Dessa forma, o tempo não poderia ser dividido, sem ser alterado, assim como o movimento da pedra que mencionamos acima não pode ser parado, sem se transformar em outro movimento.

No espaço, como vimos, podemos supor paradas sucessivas, e mesmo prever aonde a pedra está porque, no fundo, o espaço aí não acrescenta nada ao processo. Ele é uma variável indiferente, podemos dizer; passiva no processo. O tempo, ou a duração, ao contrário, implicaria sempre em uma transformação. Tudo que ocorre no tempo, muda, pelo próprio acréscimo de passado. Daí porque seria impossível prever qualquer coisa, no tempo – porque ainda não sabemos as mudanças que se inserirão, daqui até o tempo previsto.
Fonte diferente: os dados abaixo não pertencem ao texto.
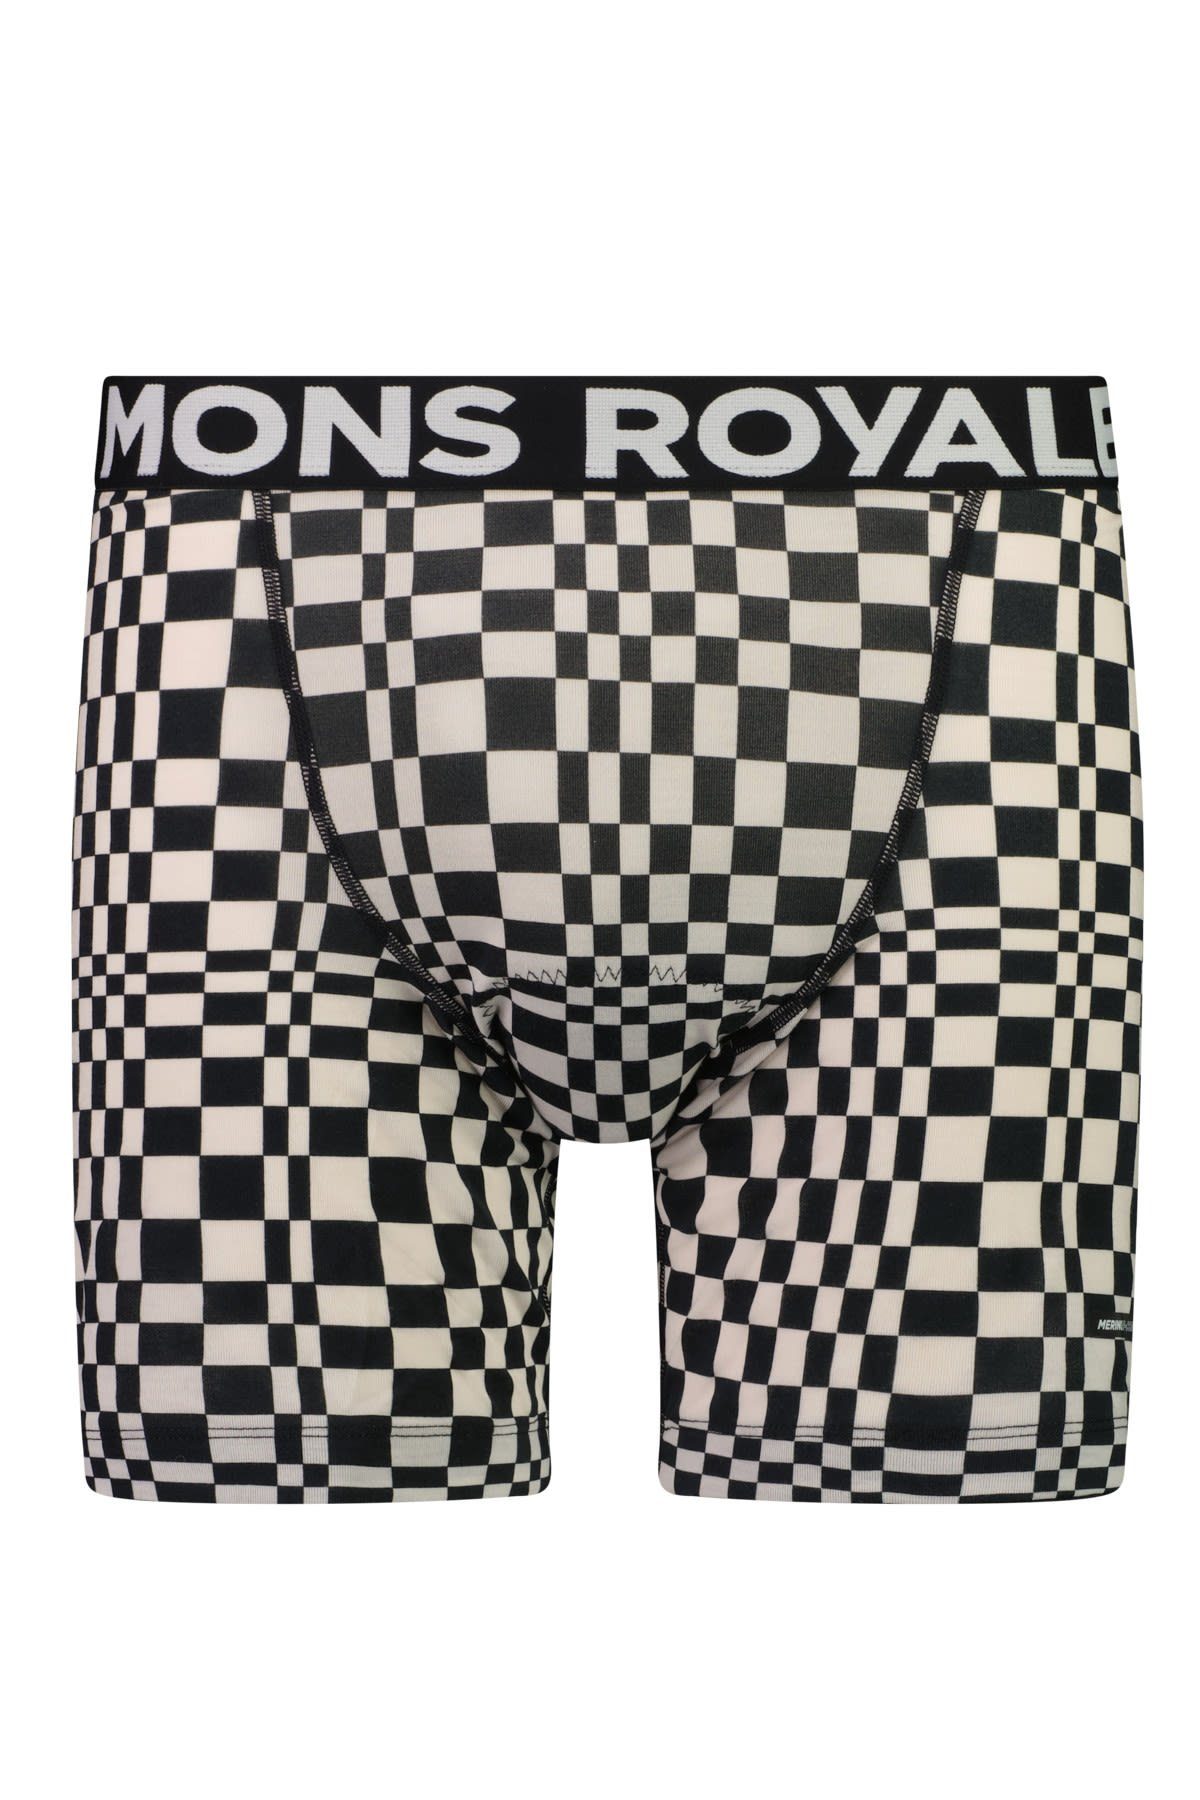 Mons Royale Lange Unterhose Checkers

Um último exemplo: eu não posso “resumir” a experiência de ouvir uma música, porque essa experiencia será a soma de todos os momentos que compõe a duração da música, uns influenciando os outros. Se eu “acelero” a música – mudo o tempo – tenho outra experiência; se eu pulo direto para o final, sem viver a duração completa da música, também tenho outra experiência. Daí que o tempo da experiência não possa ser alterado, sem alterar a experiência mesma.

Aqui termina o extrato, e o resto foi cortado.